Example of Changes to Variant Function
The next figure is an example of changes to the variant function. The
diagram on the top left shows the higher priority vertices in the
state of the previous figure. If agent \(x\) eats next the priority
graph transits to the diagram on the top right, and the variant
function \((nT, nH)\) changes from \((1, 3)\) to \((1, 2)\).
If agent \(y\) eats next the priority
graph transits to the diagram on the bottom right, and the variant
function \((nT, nH)\) changes from \((1, 2)\) to \((1, 1)\).
If agent \(w\) eats next the priority
graph transits to the diagram on the bottom left, and the variant
function \((nT, nH)\) changes from \((1, 1)\) to \((0, 0)\).

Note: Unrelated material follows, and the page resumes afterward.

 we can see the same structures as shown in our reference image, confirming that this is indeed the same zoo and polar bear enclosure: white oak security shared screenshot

Proof that the variant function does not increase
while \(v\) remains hungry
If a philosopher of higher priority than \(v\) transits from thinking
to hungry then \(nT\) decreases. Though \(nH\) increases, the variant function \((nT,
nH)\) decreases because ordering of function values is done
lexicographically.
If a philosopher of higher priority than \(v\) transits from hungry
to eating then \(nH\) decreases, and so the variant function \((nT,
nH)\) decreases.
Proof that the following predicate does not
hold forever: The variant function remains unchanged and
\(v\) remains hungry.
Let \(w\) be a highest-priority hungry philosopher, i.e. a philosopher with no
hungry philosopher with priority higher than \(w\). (Note: \(w\) may be
the same as \(v\).)
All philosophers with priority higher than \(w\) are thinking. In the
next paragraph we show that either \(w\) gets all its forks and then transits
from hungry to eating, or the variant function decreases.
From the algorithm, a hungry philosopher \(w\) requests forks from its
neighbors. From the algorithm, \(w\) eventually gets forks from
all its lower priority neighbors. A higher priority neighbor \(x\) of
\(w\) is thinking. So when \(x\) gets a request for a fork from \(w\)

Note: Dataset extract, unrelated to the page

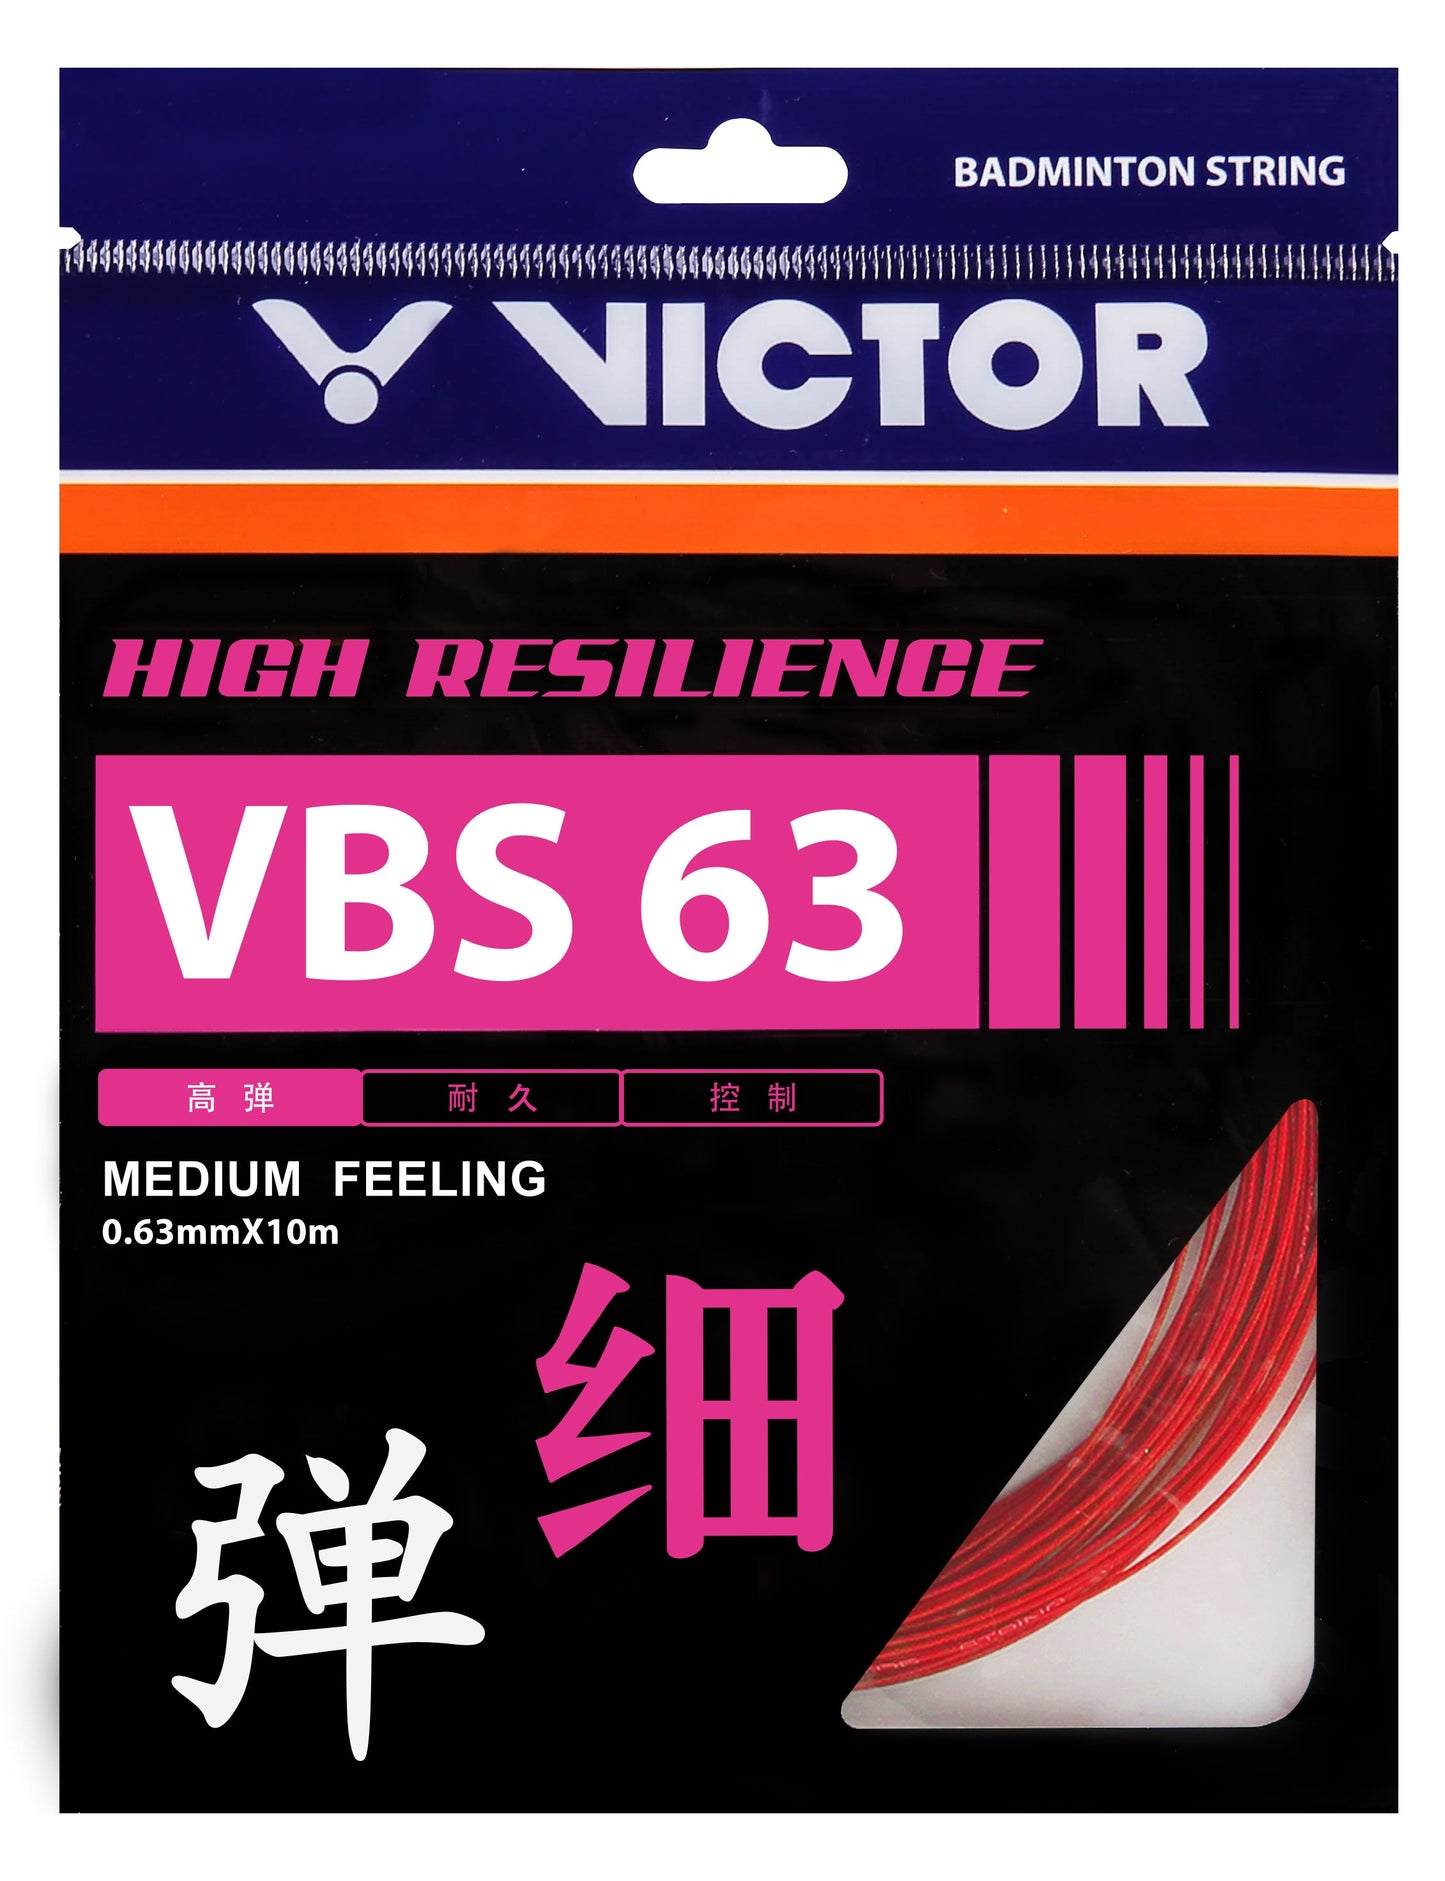 VBS-63 STRING (w/ Stringing Service Only)

either (1) \(x\) sends the requested fork to \(w\) or (2) \(x\) transits from
thinking to hungry in which case the variant function \((nT, nH)\)
decreases.
Summary: Key Ideas of this Module
This module introduced the problem of distributed mutual exclusion;
showed how the good neighbor policy --- a winning agent reduces its
priority to be lower than all the agents that it competes with --
solves this conflict resolution problem; introduced tokens and what
agents know about other agents holding tokens; and showed a proof
pattern that is one of the most common patterns for proving progress.
Review
What is the meaning of mutual exclusion among neighboring
philosophers?
An invariant of the algorithm is that each token is in exactly one
place: an agent or a channel. How does this invariant help in
designing the algorithm?
An invariant of the algorithm is that the relative priorities among
agents forms a partial order --- the priority graph is acyclic. What
can go wrong if the priority graph has cycles?
An agent that has a request for a fork releases the fork if the fork
is dirty, and holds on to the fork if the fork is clean. What could
go wrong if an agent releases a fork when it gets a request,
regardless of whether the fork is clean or dirty?